The current article of Mendonca et al. (6) entitled “The association of renal cell carcinoma with gastrointestinal stromal tumors” describes 9 patients with renal cell carcinoma in a collective of 405 patients with GIST (2.2%). In 2000, the same center (Memorial Sloan-Kettering Cancer Center) (2), reported in at the time 200 GIST patients: four patients with breast cancer (2%), two patients with prostate cancer (1%), and one patient (0.5%) each with skin, uterine, lung and renal cancer. In our own collective of 172 GIST patients, about 20% had a secondary malignancy, one of which had renal cell carcinoma (0.6%) (7).

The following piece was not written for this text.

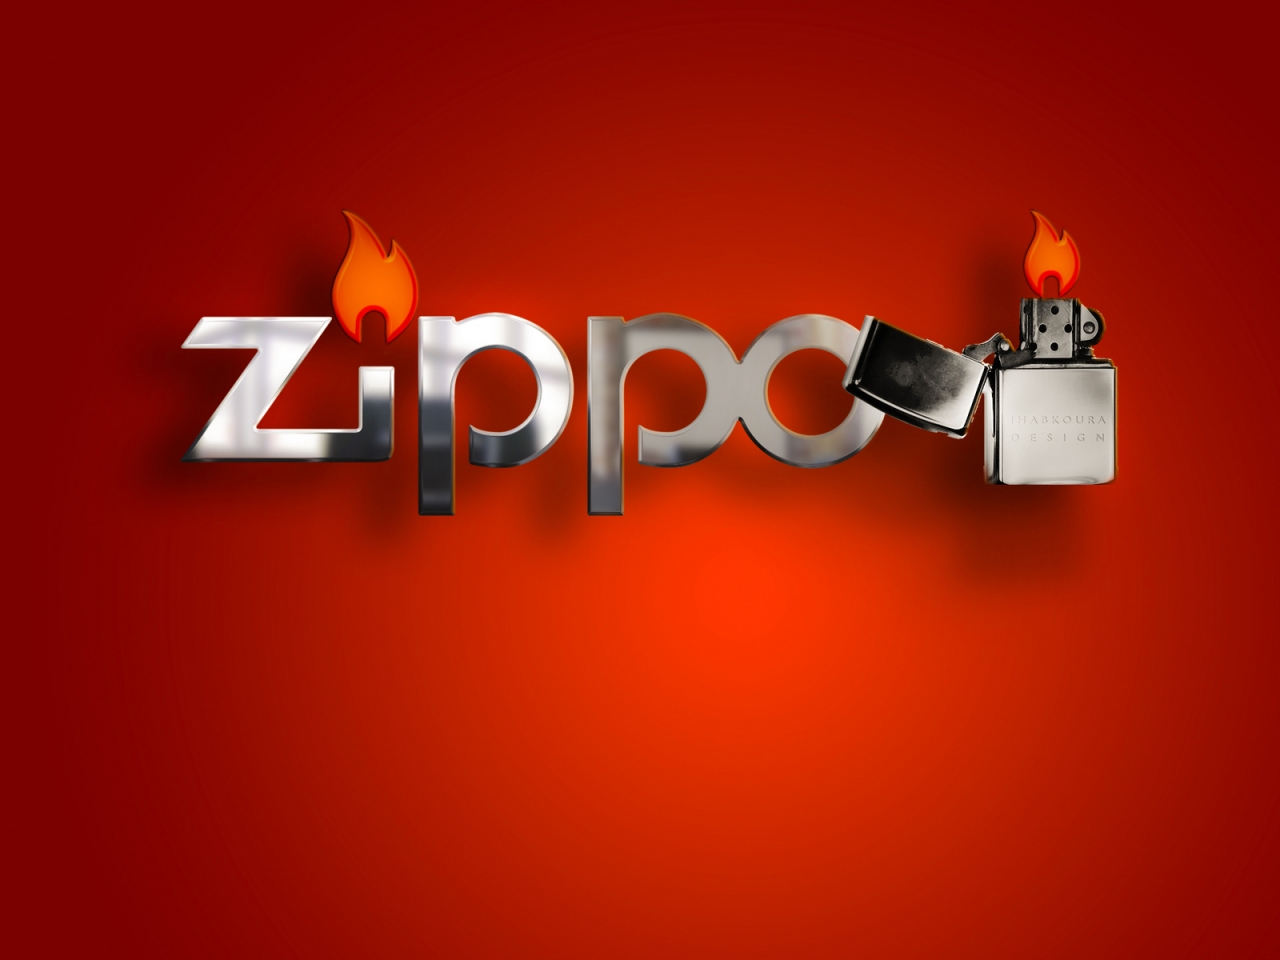 Zippo Lighter for 1280 x 960 resolution

Whilst micro-GIST of the stomach are frequent incidental findings in gastrointestinal or pancreaticobiliary tumor surgery (20–30/100) (8,9), the incidence of overt GIST is rare (0.2% of gastrointestinal tumors, 1–2/100,000) (10,11). The incidence of renal cancer varies from 1–10/100,000 within the different countries (12). The co-occurrence of GIST with other malignancies is not uncommon and seems to vary between 0.5% and 20%. As shown above, the likelihood of a patient presenting with GIST and another specific type of tumor however is small. Common environmental factors, such as smoking, obesity and hypertension (as in renal cancer) (13) do not seem to play a role, as these factors are not relevant in GIST (14). Nevertheless, there seems to be correlation with specific malignancies, such as prostate or renal cancer. It is possible to hypothesize that mechanisms involving protein tyrosine kinases are influenced by their cognate growth factors in the microenvironment (15). This would also explain, why the receptor tyrosine kinase cMET (whose ligand is hepatocyte growth factor) seems to be involved in renal cell cancer, however, association with hepatocellular cancer is extremely rare (16).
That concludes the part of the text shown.